[DEBATE] : (Fwd) From world commodity boom to bust
Patrick Bond
pbond at mail.ngo.za
Thu Sep 11 04:44:24 BST 2008
(Moving the bubble around: "investors in commodities and resource shares
must be wondering where to go next.")
http://finblogs.24.com/ViewBlog.aspx?blogid=e736a9b3-f9d0-459b-bba8-6b076531764d
Patience pays in resource correction
2:42PM, Tuesday, 09 Sep, 2008
The liquidation last week of Ospraie Management LLC’s flagship hedge
fund made big news internationally but was perhaps a bit underplayed
here in South Africa.

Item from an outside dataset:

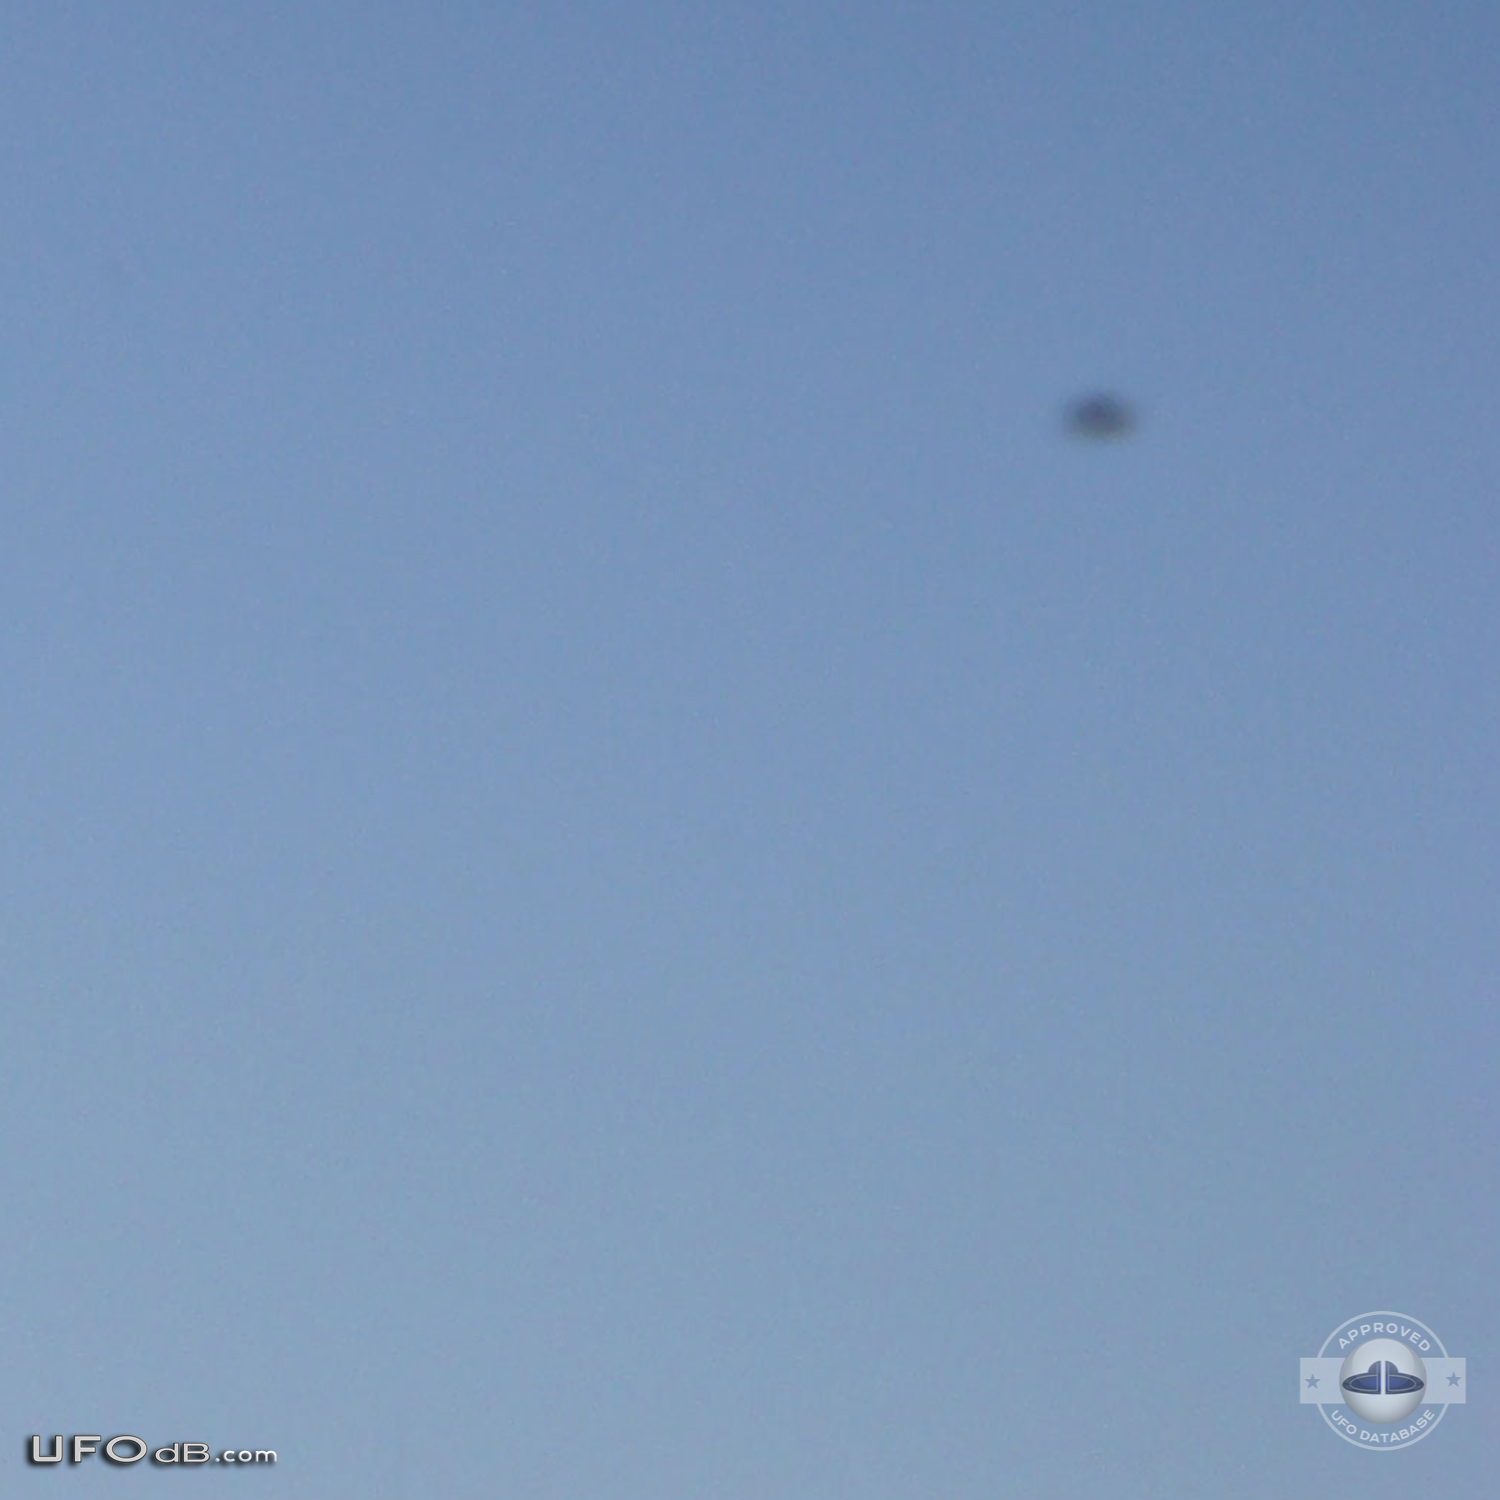 Two ufo pictures taken in the high mountains - Puerto Rico - July 2011 UFO Picture #376-2

But it’s worth taking some notice of this event
owing to its meaning for commodities, a sector on which this country is
so reliant for jobs and foreign exchange.
The owners of Ospraie Management closed the fund on the back of
significant investor redemptions. It seems investors preferred the
attractions of investing in the dollar rather than metals and other
resources such as paper and the so-called softs such as grain.
Ospraie Management’s owners were formerly the principal behind the Tiger
Fund which shut shop in the early part of the 2000s and heralded a slump
in the commodities market. I’m not saying the closure of the Ospraie
hedge fund precedes a similar fate for commodities but I do wonder
whether a healthy correction seen in commodity markets a few months ago
has actually transformed into something more painful, and more prolonged.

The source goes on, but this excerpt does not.